The Solicitor General replied that the witnesses had not gone away until after issue joined and therefore they might have been examined de bene esse.

The Chief Justice was of opinion that the justice of the case did not require it to be sent to another jury.  There were two points on which this application was made to the Court.  1st. Misdirection, and 2d. Irregularity.  As to the Port Regulations he should not touch upon them, as they had no thing at all to do with the case, - the 13 Geo. 4, No. 6, enacted that every master should deliver a due report of the crew, lading and marks, and what portion was intended for exportation, as far as such particulars may be known, that applied to the cargo as well as to the Stores, the qualifying words were introduced to prevent parties being taken advantage of through error.  The question in this case was whether the report made by defendant was falsely made, he knowing that it was so.  It was clear that there was no attempt to smuggle or any overt act to land them contrary to the act; if so that would have been a guilty knowledge, but here the error was discovered by information afforded by defendant.  The jury had or had not a question of fact to determine, if they had a right to determine they might have considered the evidence furnished by defendant enough for them to have drawn the conclusion which they have done.

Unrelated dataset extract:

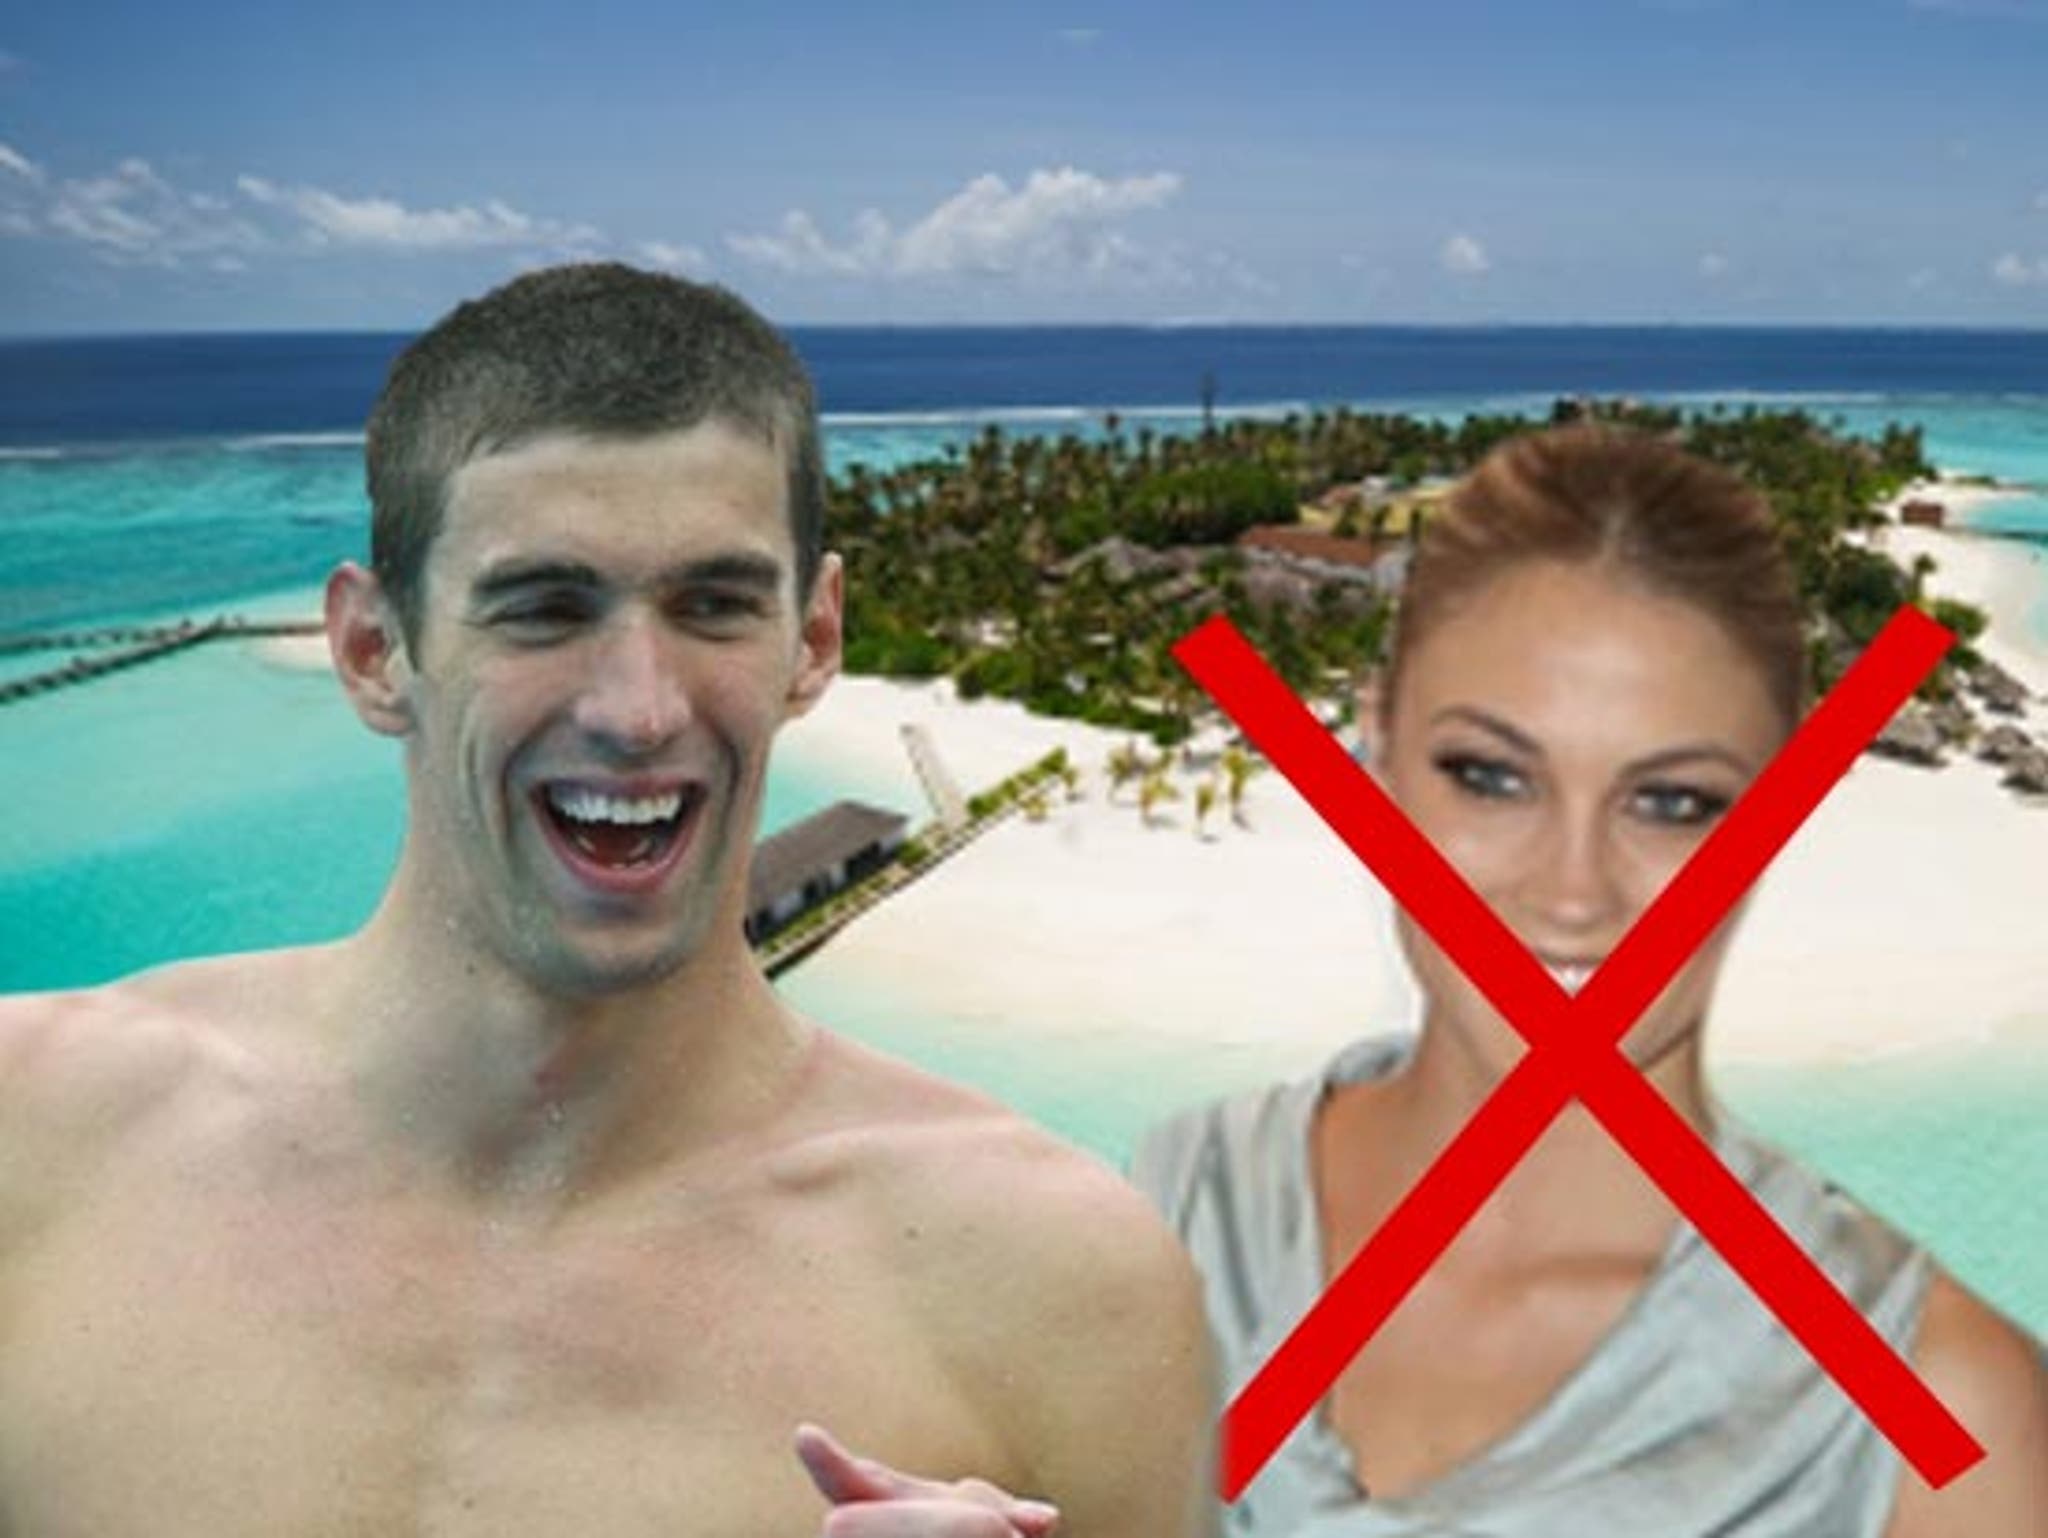 Michael Phelps DITCHING GF Megan Rossee to Bro Out on Tropical Island picture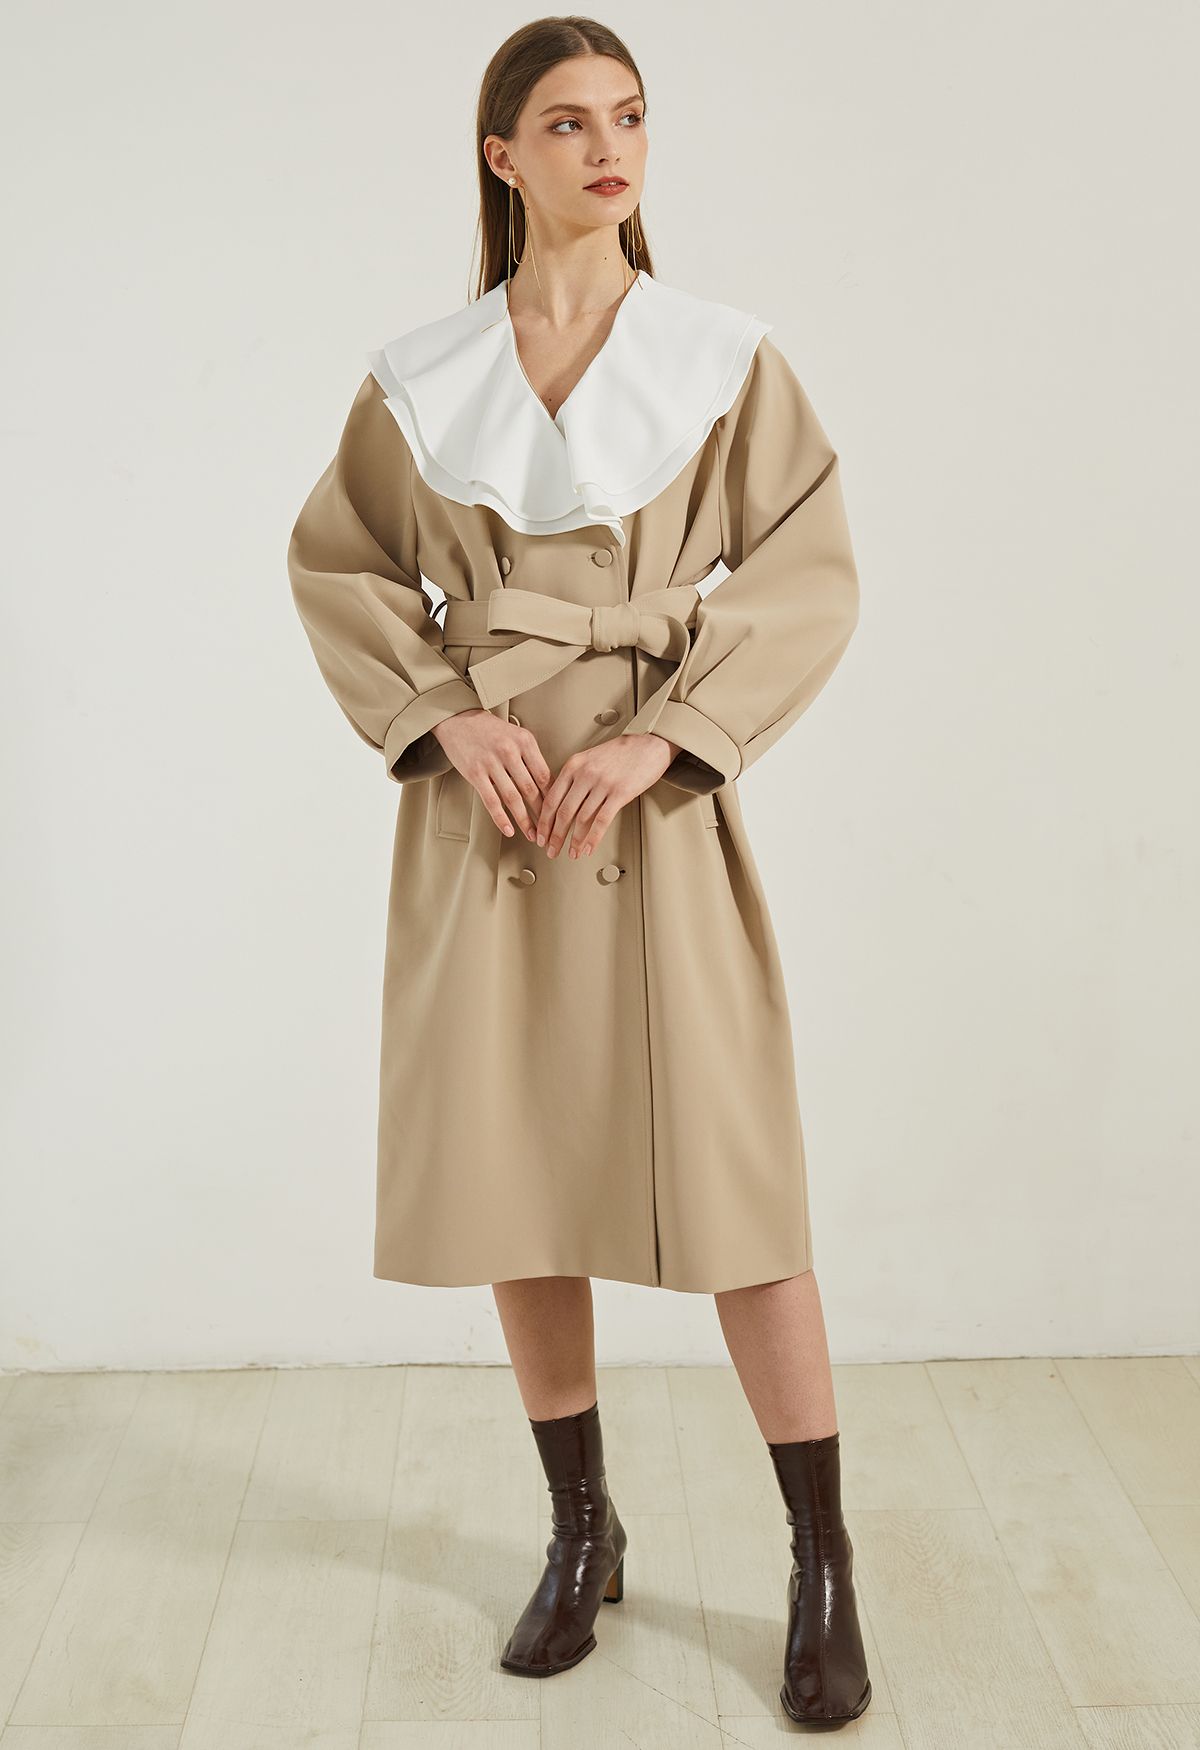 Ruffle Neck Double-Breasted Trench Dress in Light Tan

Judge Burton arrived as the same conclusion, - The Jury were judges of the facts, and he would always lean against disturbing a verdict of a Jury.  It was unconstitutional, except in cases where manifest injustice had been done.  If the facts were sufficient to warrant the conclusion which they had arrived at, he would not disturb the verdict.  The Jury had a due regard to their obligation.  If they acted wrong, the public would soon be dissatisfied with them.  If not, it would stand for ever.  He wished Juries to know that their verdicts should never be tampered with.  At least he publicly pledged himself that he should not do so. -  As to negligence in making the report, there were presumptions on both sides, and it was the province of a Jury to decide.  Motion refused.

 

Notes

[1 ] See also Australian, 5 July 1833. On customs duties, see also Attorney General v. Green, 1833; Attorney General v. Dwyer, 1833.

The Australian reported on 18 November 1833 that Dowling J had tried a man for burglary, who was acquitted.  Dowling thought he was guilty on the facts, and recommended he be taken from assigned service and sent to a road gang.  This outraged the Australian.